Changing stroke rehab and research worldwide now.Time is Brain! trillions and trillions of neurons that DIE each day because there are NO effective hyperacute therapies besides tPA(only 12% effective). I have 523 posts on hyperacute therapy, enough for researchers to spend decades proving them out. These are my personal ideas and blog on stroke rehabilitation and stroke research. Do not attempt any of these without checking with your medical provider. Unless you join me in agitating, when you need these therapies they won't be there.

What this blog is for:

My blog is not to help survivors recover, it is to have the 10 million yearly stroke survivors light fires underneath their doctors, stroke hospitals and stroke researchers to get stroke solved. 100% recovery.
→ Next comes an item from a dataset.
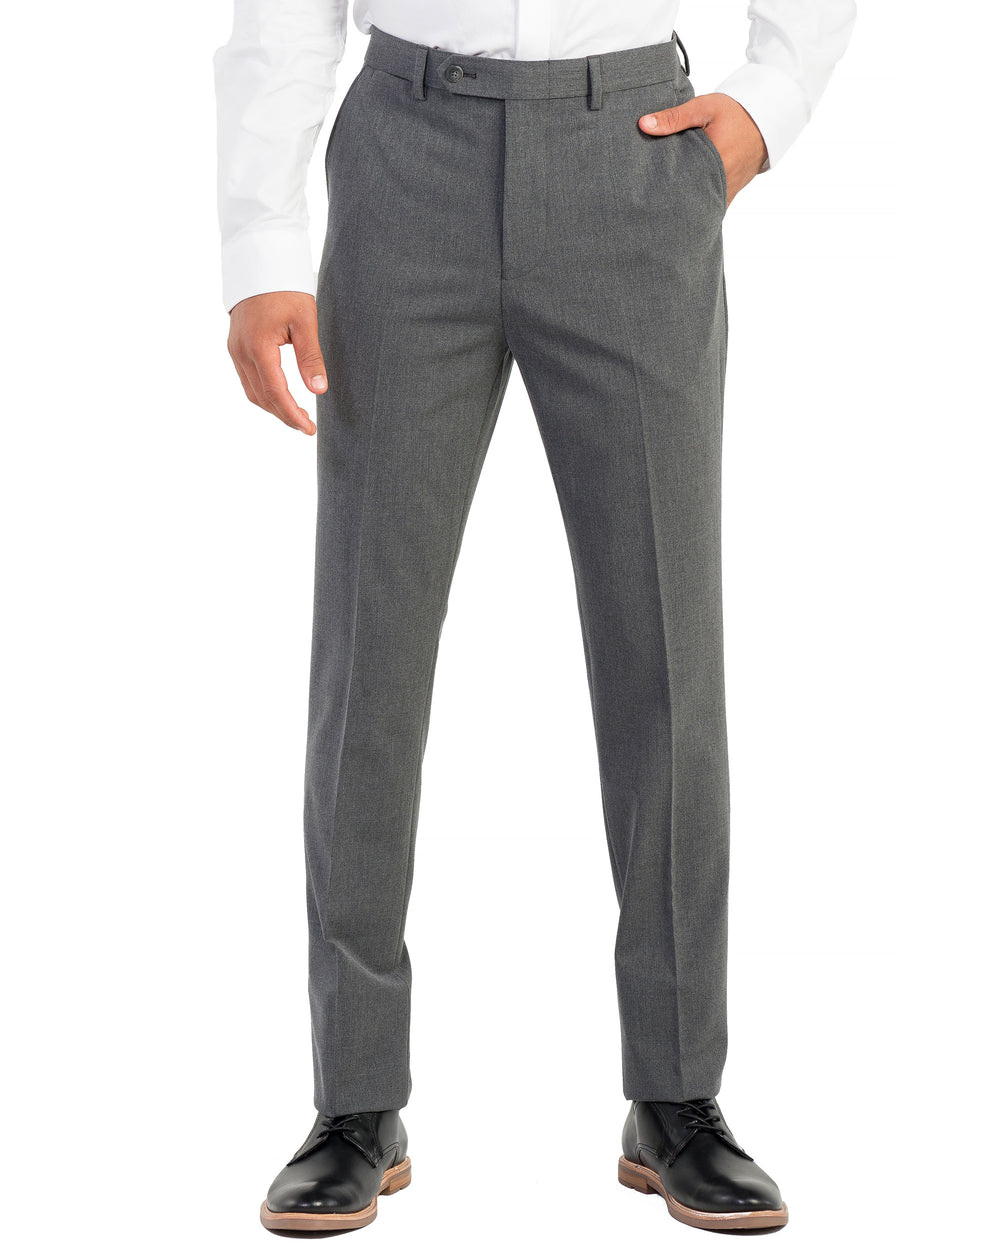 Bell Bi-Stretch Two-Button Side Vent Suit - Grey
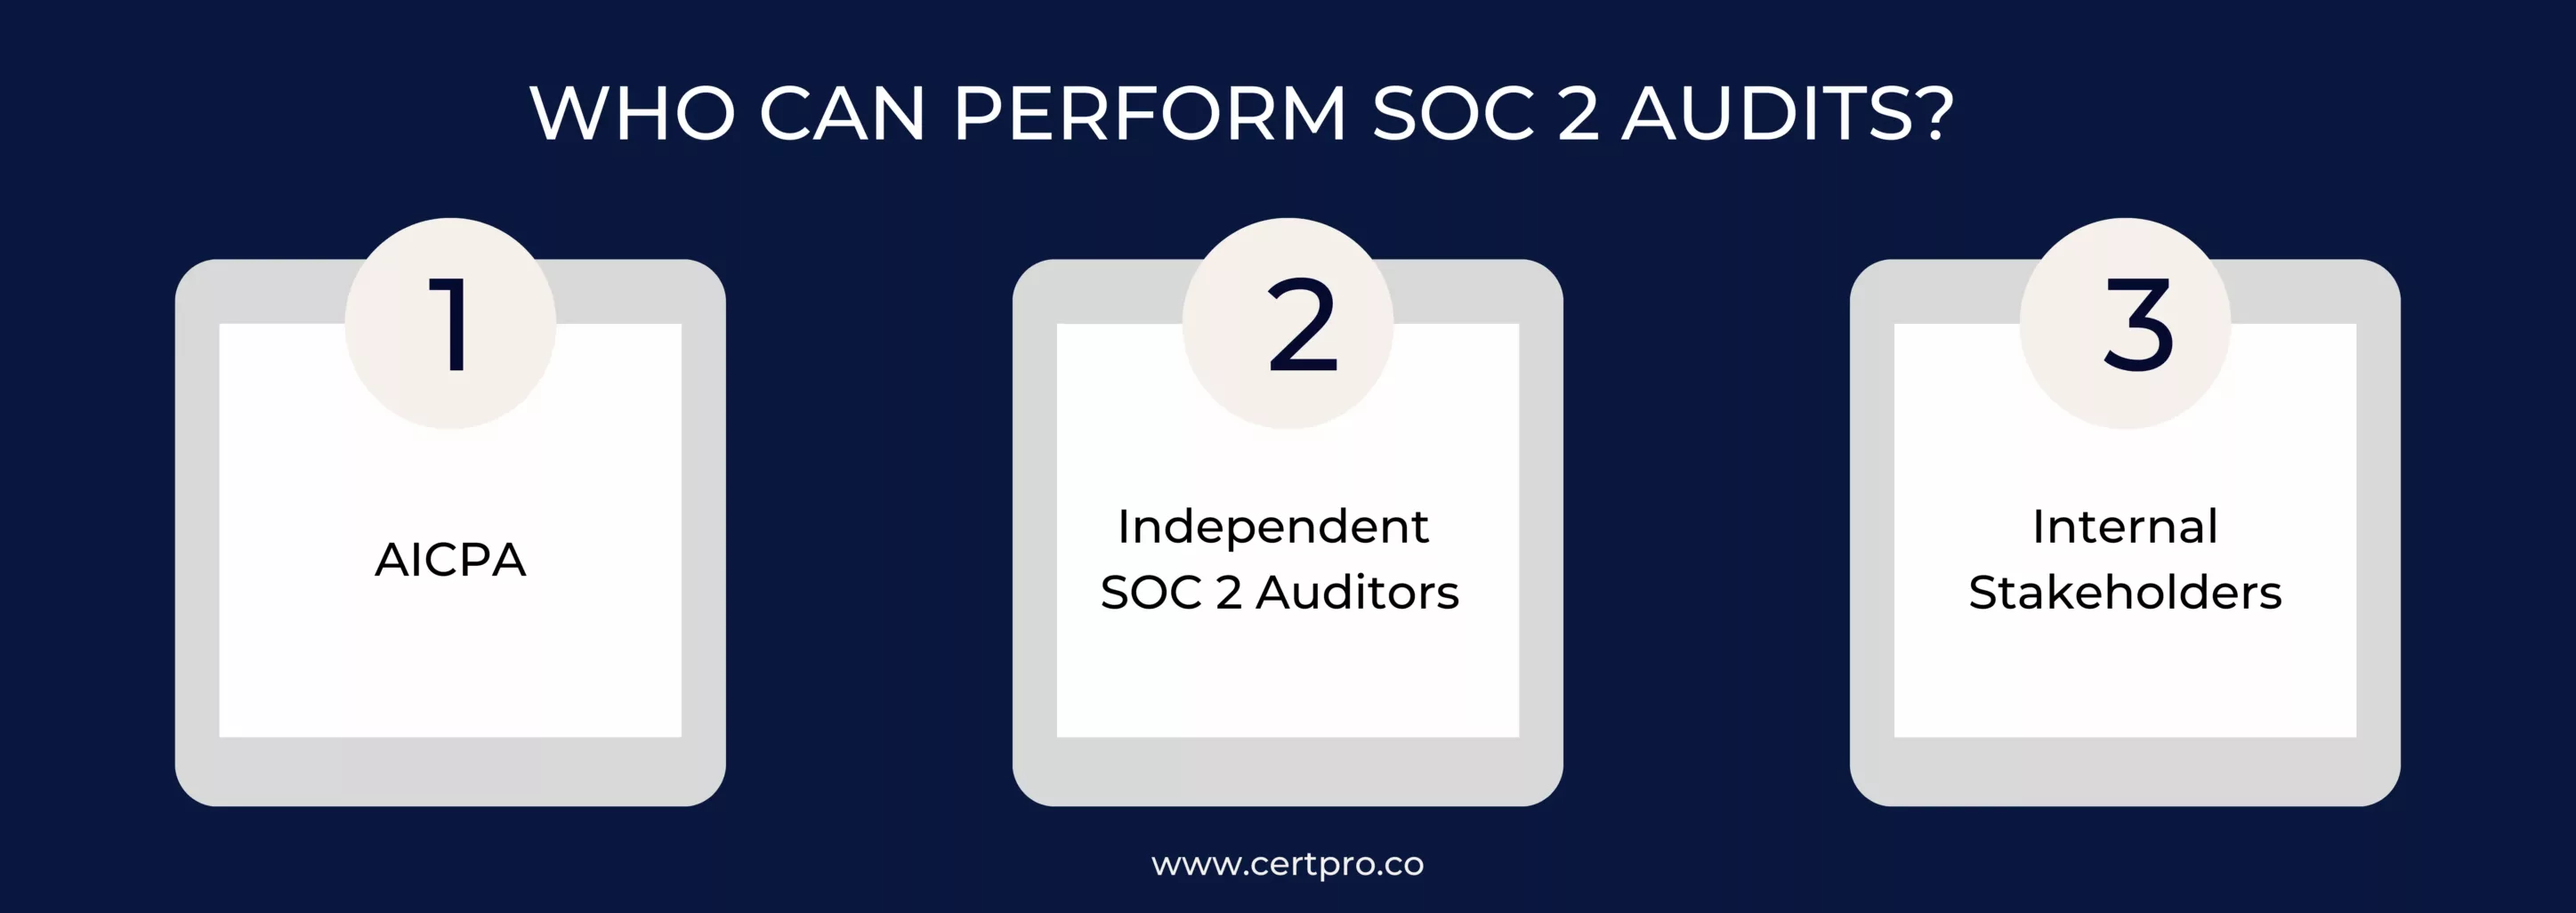 WHO CAN PERFORM SOC 2 AUDITS

The stroke medical world is completely failing at that goal, they don't even have it as a goal. Shortly after getting out of the hospital and getting NO information on the process or protocols of stroke rehabilitation and recovery I started searching on the internet and found that no other survivor received useful information. This is an attempt to cover all stroke rehabilitation information that should be readily available to survivors so they can talk with informed knowledge to their medical staff. It lays out what needs to be done to get stroke survivors closer to 100% recovery. It's quite disgusting that this information is not available from every stroke association and doctors group.

Tuesday, February 5, 2013

Gastric ulcer with hemorrhage due to concomitant use of aspirin and warfarin

Be careful out there.
http://www.cadrj.com/qikan/epaper/zhaiyao.asp?bsid=17701

Abstract  

A 62-year-old male patient received combined therapy with aspirin 0.1 g once daily and warfarin 3.0 mg once daily for prevention of thrombosis after undergoing aortic valve replacement. On day 5 of treatment, he presented with vague pain in the upper abdomen. On day 14, his abdominal pain worsened and, on day 15, he presented with melena. Laboratory tests showed the following values: red blood cell count 2.2×1012/L, hemoglobin 65 g/L, prothrombin time (PT) 45.9 s, international normalized ratio (INR) 3.7, fecal occult blood (++). Gastroscopy revealed gastric ulcer with hemorrhage. Aspirin and warfarin were withdrawn, and then the patient was given hemostatic and symptomatic treatment. On day 2, the patient’s abdominal pain was relieved and hemorrhage ceased. His PT decreased to 12.8 s and his INR decreased to 1.1 one week later. The patient resumed the anticoagulation treatment with warfarin.